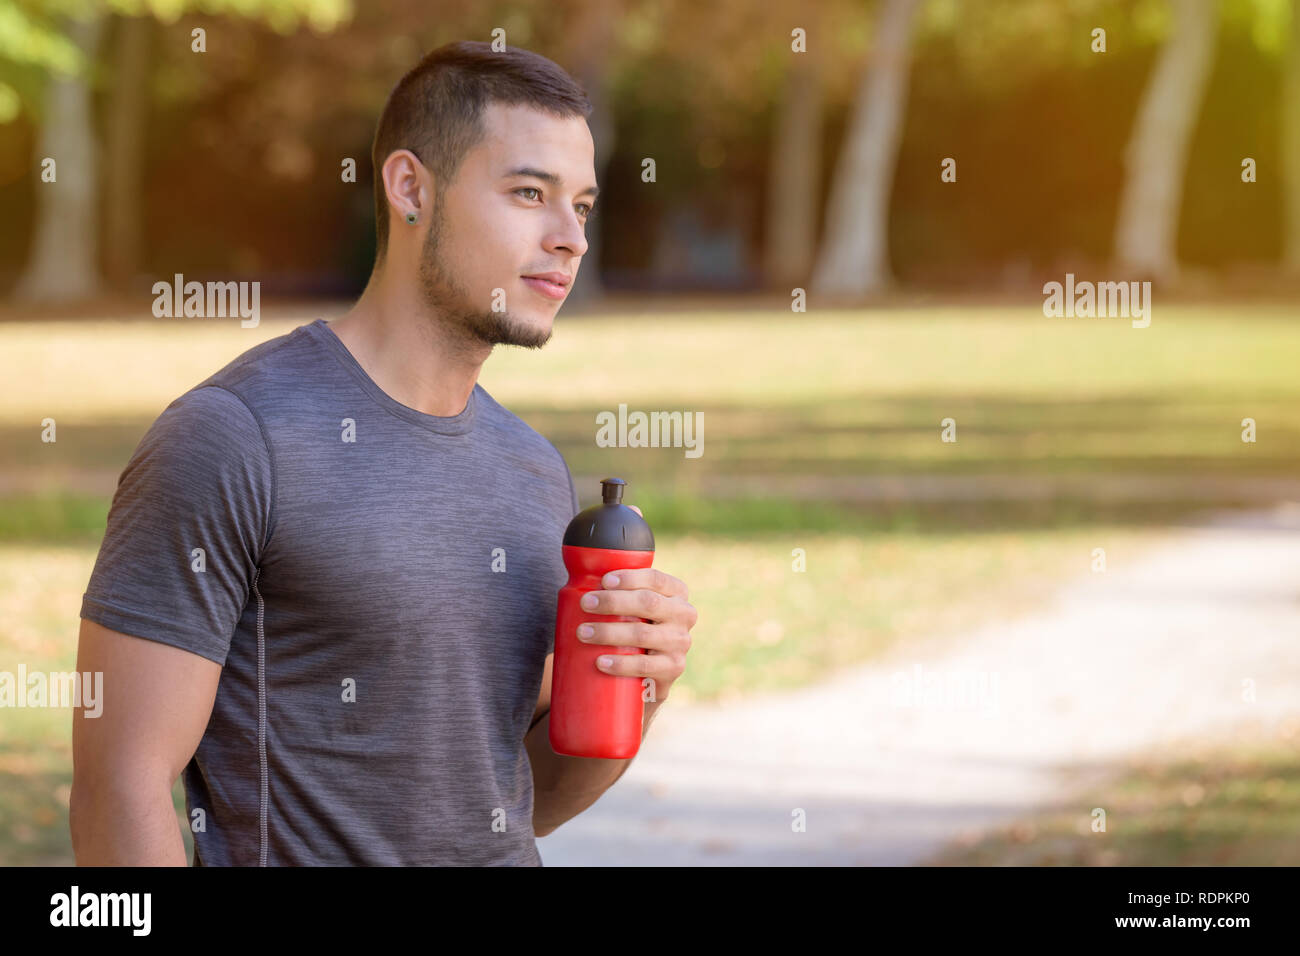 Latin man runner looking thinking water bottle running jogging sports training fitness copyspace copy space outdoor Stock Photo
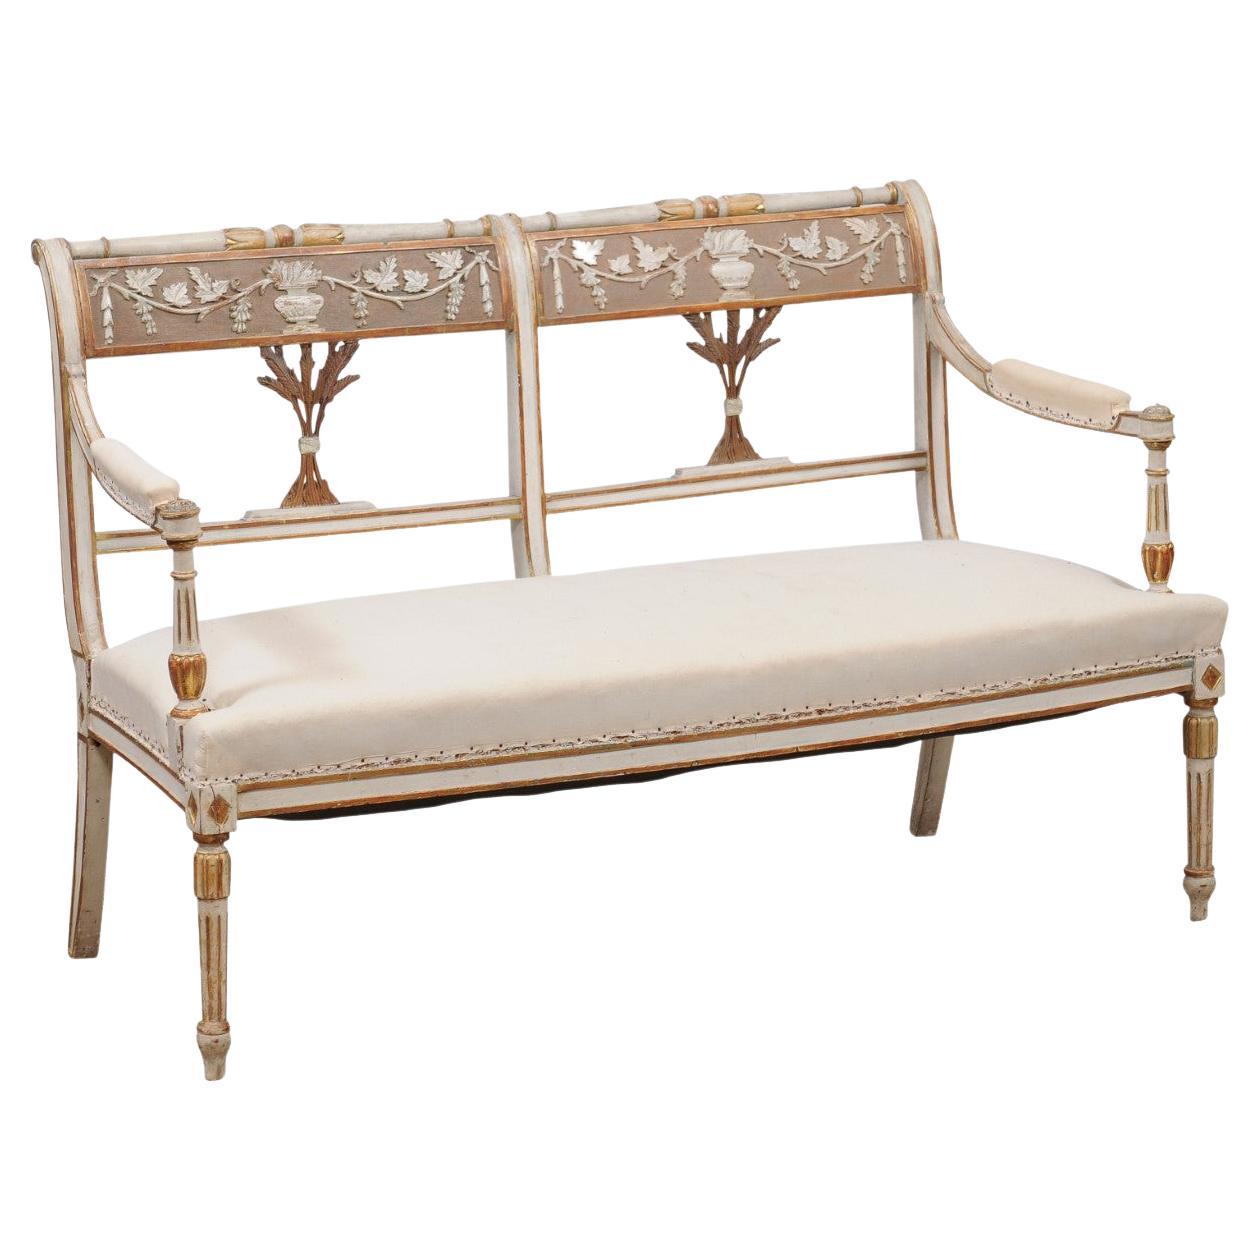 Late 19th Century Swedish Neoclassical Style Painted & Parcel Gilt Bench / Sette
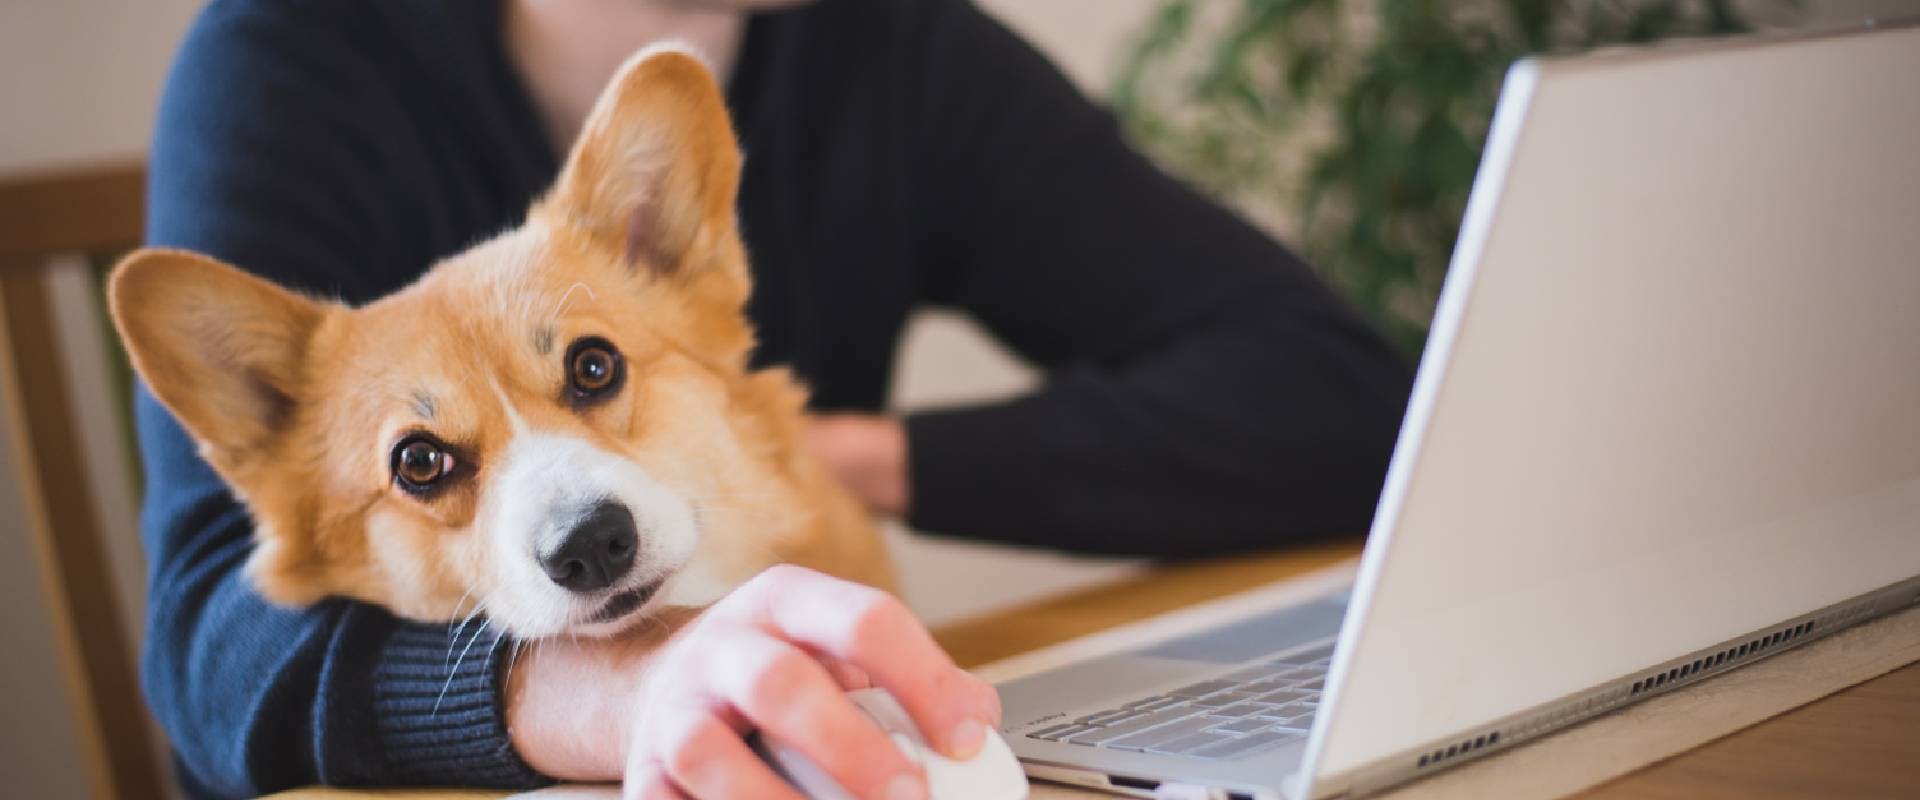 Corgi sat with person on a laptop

## Activity:
Set down the material above word for word and skip its pictures.

## Exercise response:
 Latin man runner looking thinking water bottle running jogging sports training fitness copyspace copy space outdoor Stock Photo
 Late 19th Century Swedish Neoclassical Style Painted & Parcel Gilt Bench / Sette
 Corgi sat with person on a laptop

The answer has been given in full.